SAFLII [Home] [Databases] [WorldLII] [Search] [Feedback]

South Africa: Supreme Court of Appeal

You are here:  SAFLII >> Databases >> South Africa: Supreme Court of Appeal >> 2000 >> [2000] ZASCA 56

[Database Search] [Name Search] [Recent Decisions] [Noteup] [Help]


Fairleigh NO v Whitehead and Another (541/98) [2000] ZASCA 56; 2001 (2) SA 1197 (SCA) (29 September 2000)

CASE NO. 541/98

IN THE SUPREME COURT OF APPEAL OF SOUTH AFRICA



In the matter between

A R Fairleigh NO Appellant


and


M Whitehead First Respondent

The Master of the Supreme Court Second Respondent



Before: Hefer ADCJ, Smalberger, Olivier, Schutz JJA and Mthiyane AJA

Heard: 1 September 2000


Delivered: 29 September 2000



Interpretation and operation of the since-invalidated ss 44(1) and (2) of the Insurance Act 27 of 1943, which dealt with insurance policies effected or ceded in favour of a wife.

W P SCHUTZ


________________________________________________________________

J U D G M E N T

________________________________________________________________



SCHUTZ JA:
[1] The issue in this appeal is whether the deeming provision contained in s 44 (2) of the Insurance Act 27 of 1943 (“the Act”) came into operation in respect of certain life policies before 27 April 1994 (when the interim Constitution came into force). If it did, then the proceeds of those policies (save for an exempted sum of R30 000) fell into the estate of the deceased, Mr Geoffrey Dale Whitehead (“the deceased”), who died at Durban on 10 March 1994 (that is before the interim Constitution became law). If the deeming provision did not operate, then the proceeds of the policies will remain with his widow, Mrs Margaret Whitehead (“Mrs Whitehead”) in whose favour they were taken out by the deceased, more than two years before his death. The Whiteheads were married out of community of property in 1960. She is the respondent on appeal, having successfully opposed an application for payment of the proceeds of the policies, brought by the deceased’s executor, Mr Alan Robert Fairleigh (“the executor”) before Alexander J in the Durban and Coast High Court. Leave to appeal was granted by the court a quo.
[2] The significance of the interim Constitution lies in the decision of the Constitutional Court in Brink v Kitshoff NO 1996 (4) SA 197 (CC) in holding that subsections 44 (1) and (2) were invalid for being contrary to the equality clause (s 8). The declaration of invalidity was to have effect from 27 April 1994. For the executor the decision meant that, whereas before 27 April he would have been entitled to rely on the appropriate deeming clause contained in ss 44 (1) or (2), thereafter he had to show that one of those clauses had already vested a right in him by that date.
[3] The relevant parts of s 44 read:

“44(1) If the estate of a man who has ceded or effected a life policy ... has been sequestrated as insolvent, the policy [or its proceeds] shall be deemed to belong to that estate: Provided that, if the transaction in question was entered into in good faith and was completed not less than two years before the sequestration -
(a) by means or in pursuance of a duly registered antenuptial contract, the preceding provisions of this sub-section shall not apply . . .;
(b) otherwise than by means or in pursuance of a duly registered antenuptial contract, only so much of the total value of all such policies [or their proceeds] as exceeds thirty thousand rands shall be deemed to belong to the said estate.
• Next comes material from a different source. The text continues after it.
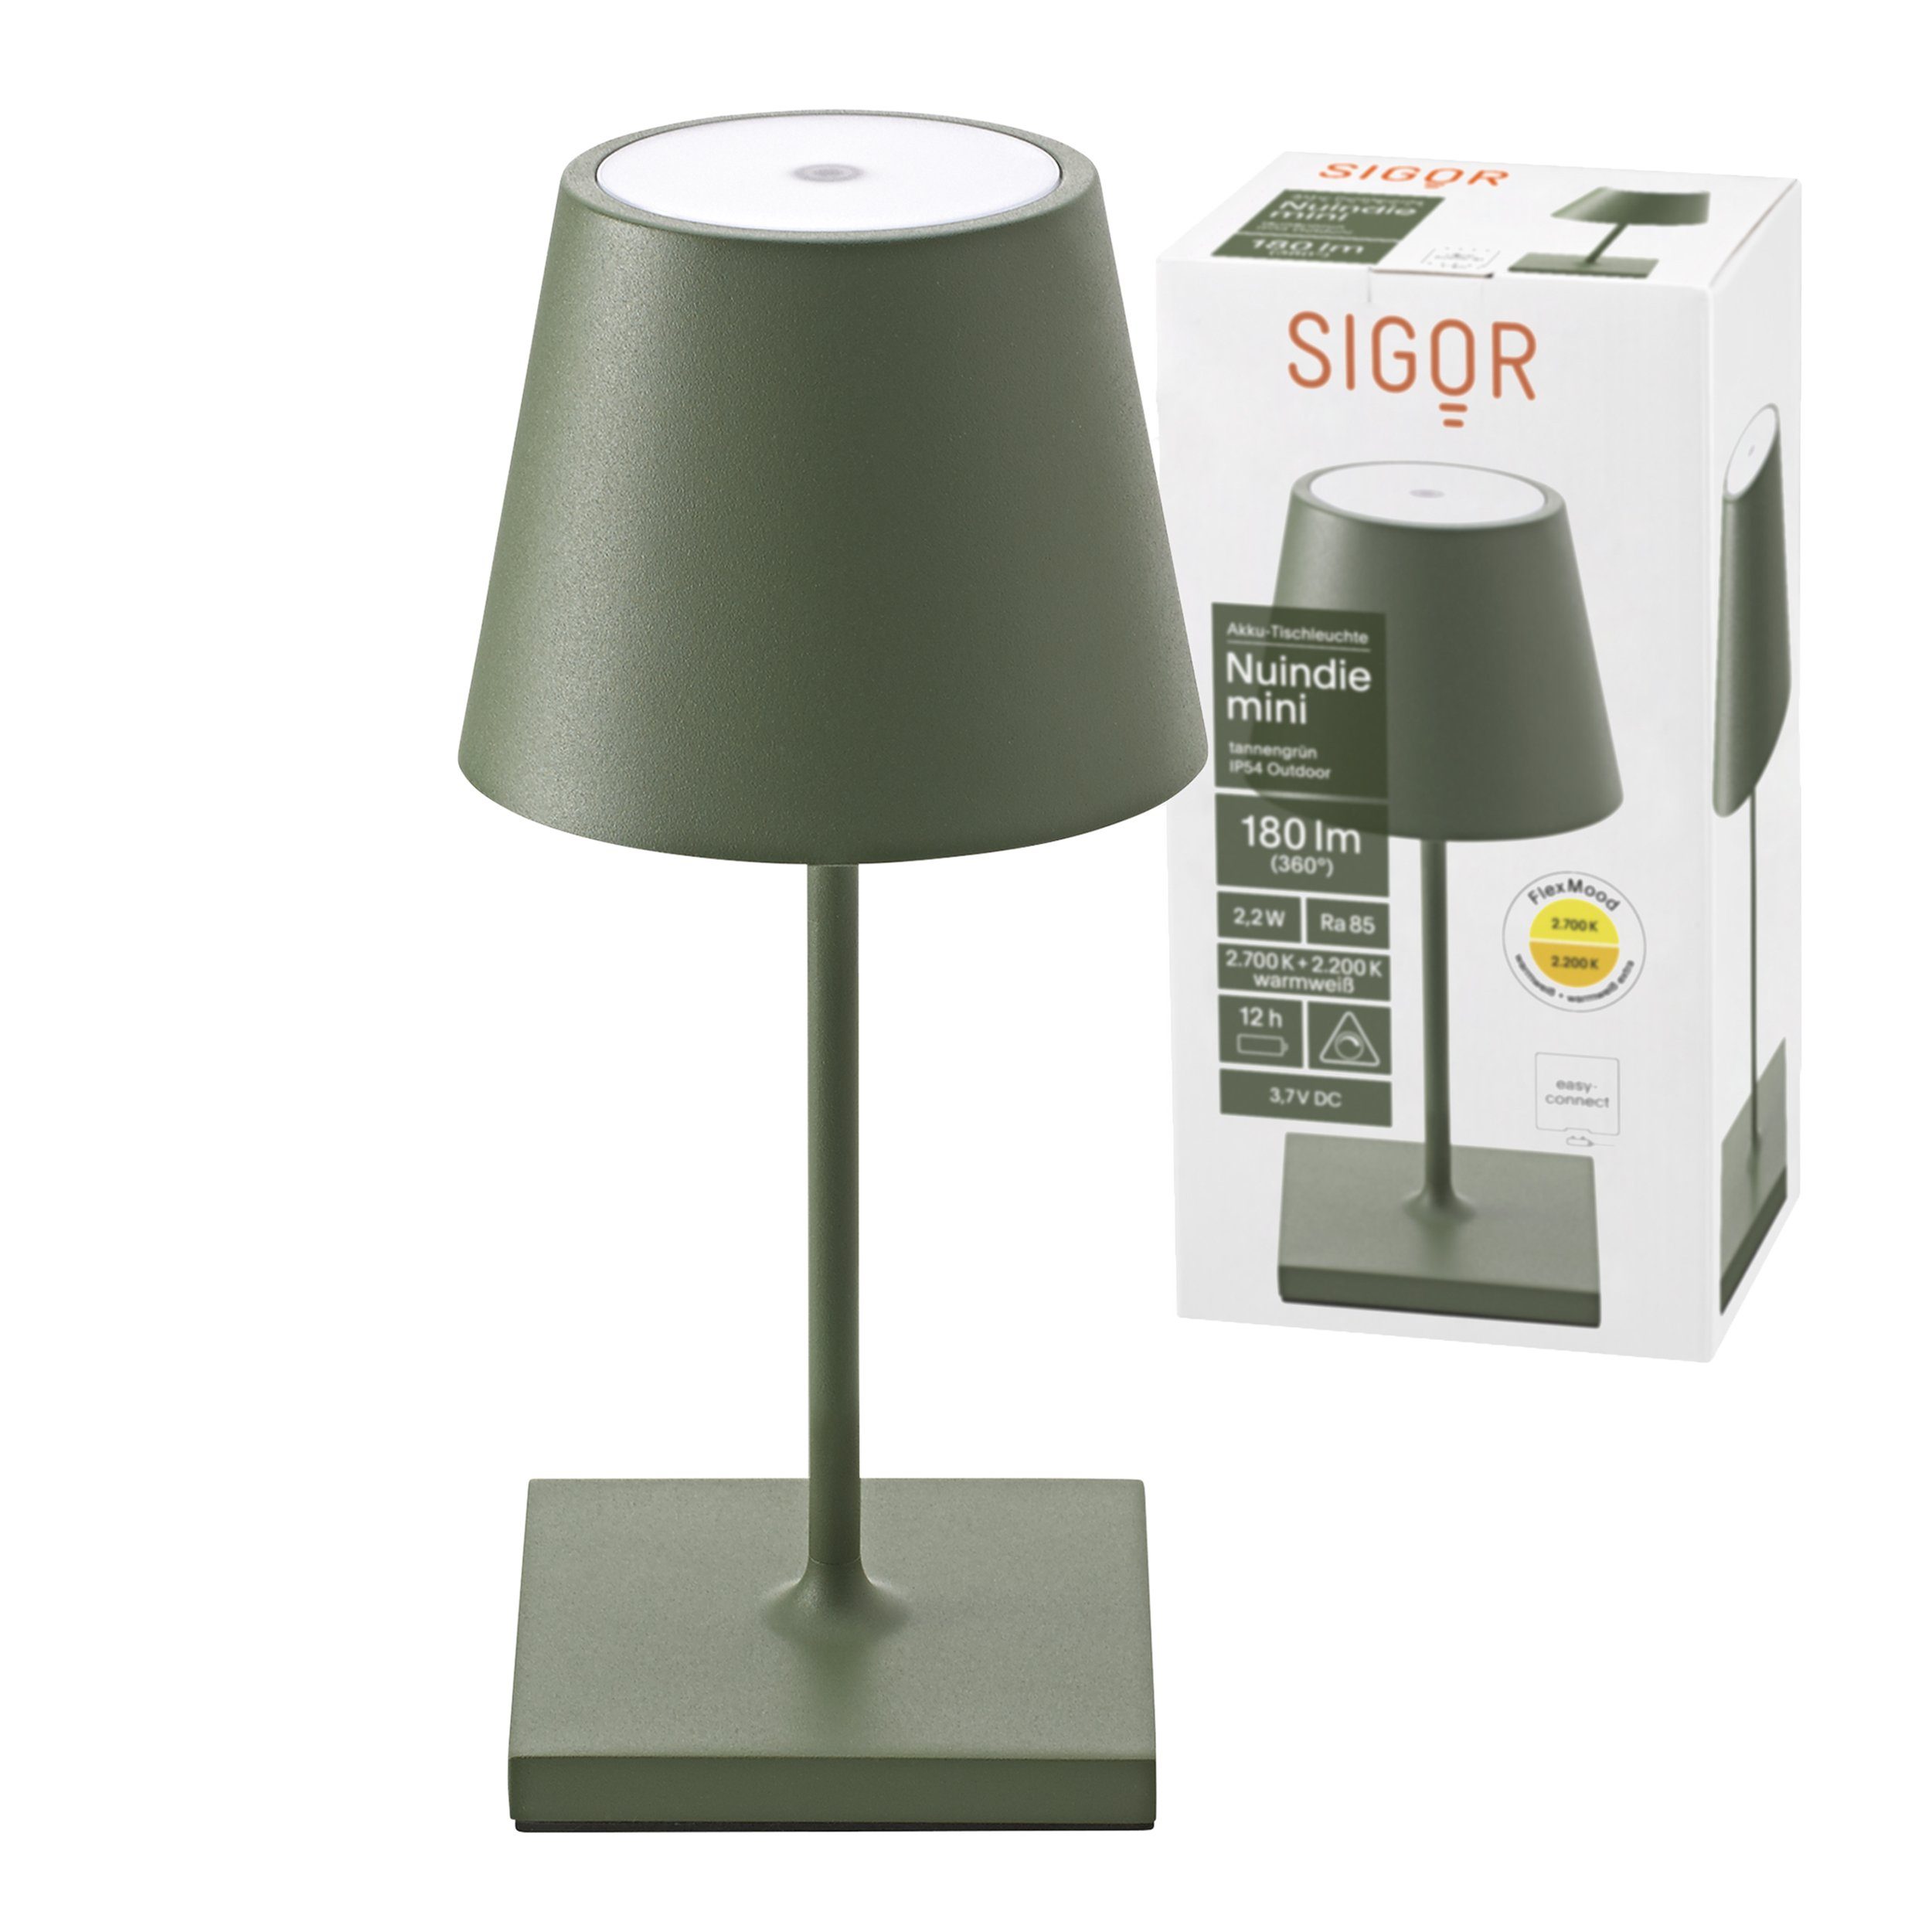 SIGOR LED Tischleuchte Tischleuchte Mini Dimmbar, 2700 LED Tannengrün, Platine, 1 NUINDIE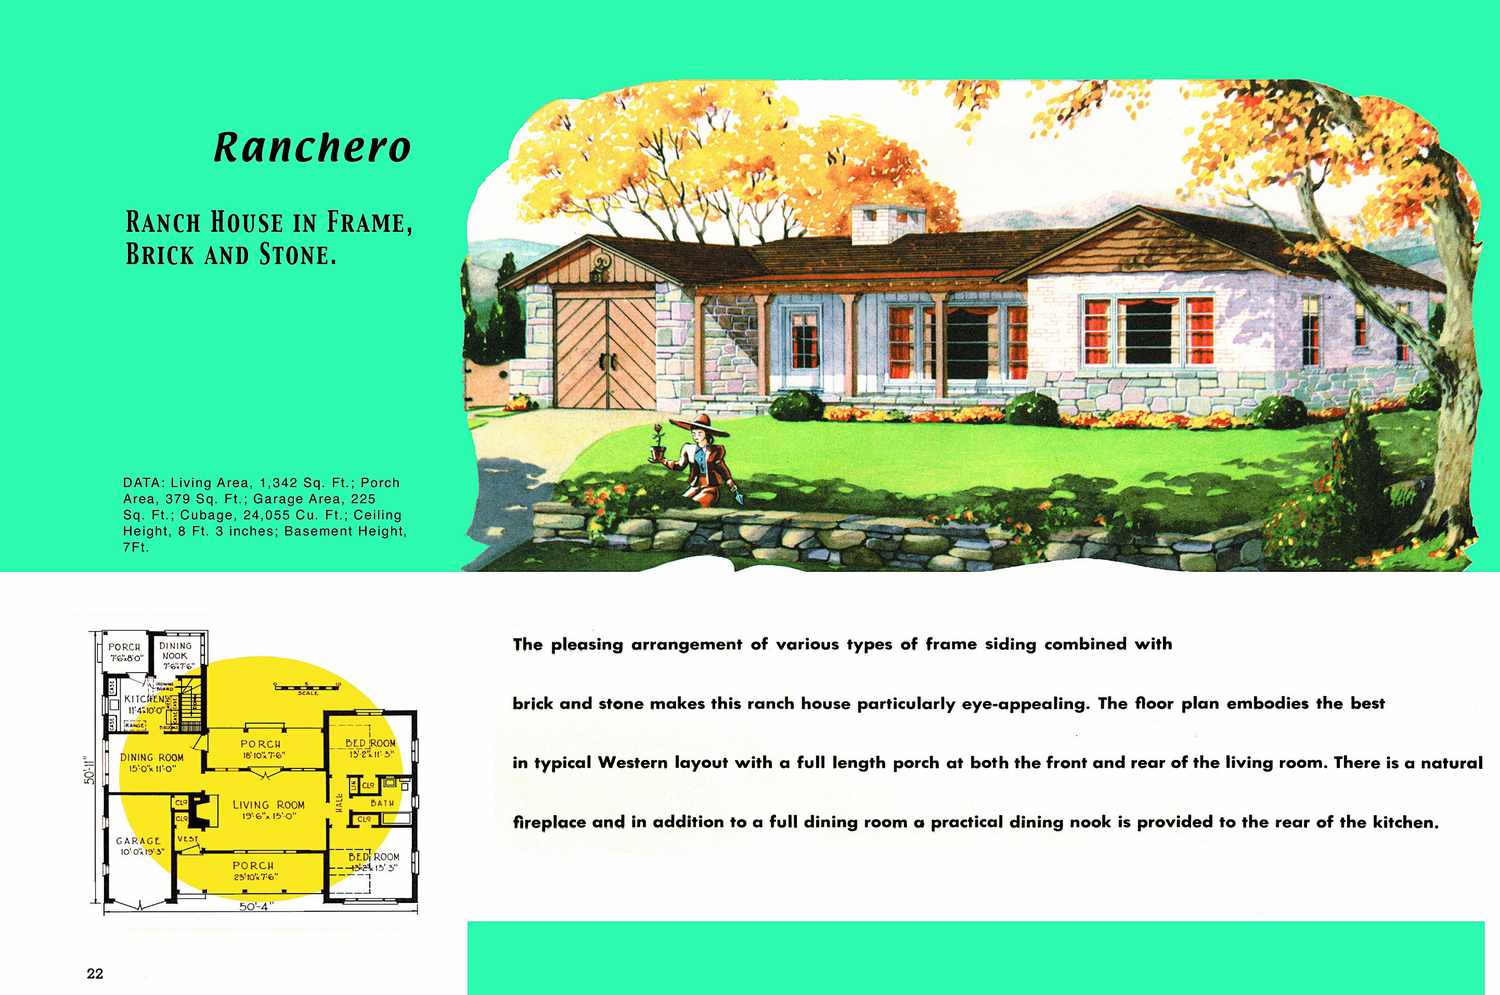 Plano de planta de los años 50 y representación de casa estilo rancho acertadamente llamada Ranchero

(2) If the estate of a man who has ceded or effected a life policy as aforesaid, has not been sequestrated, the policy [or its proceeds] shall, as against any creditor of that man, be deemed to be the property of the said man -
(a) in so far as its value, together with the value of all other life policies ceded or effected as aforesaid [and their proceeds] exceeds the sum of thirty thousand rands, if a period of two years or longer has elapsed since the date upon which the said man ceded or effected the policy; or
(b) entirely, if a period of less than two years has elapsed between the date upon which the policy was ceded or effected, as aforesaid, and the date upon which the creditor concerned causes the property in question to be attached in execution of a judgment or order of a court of law.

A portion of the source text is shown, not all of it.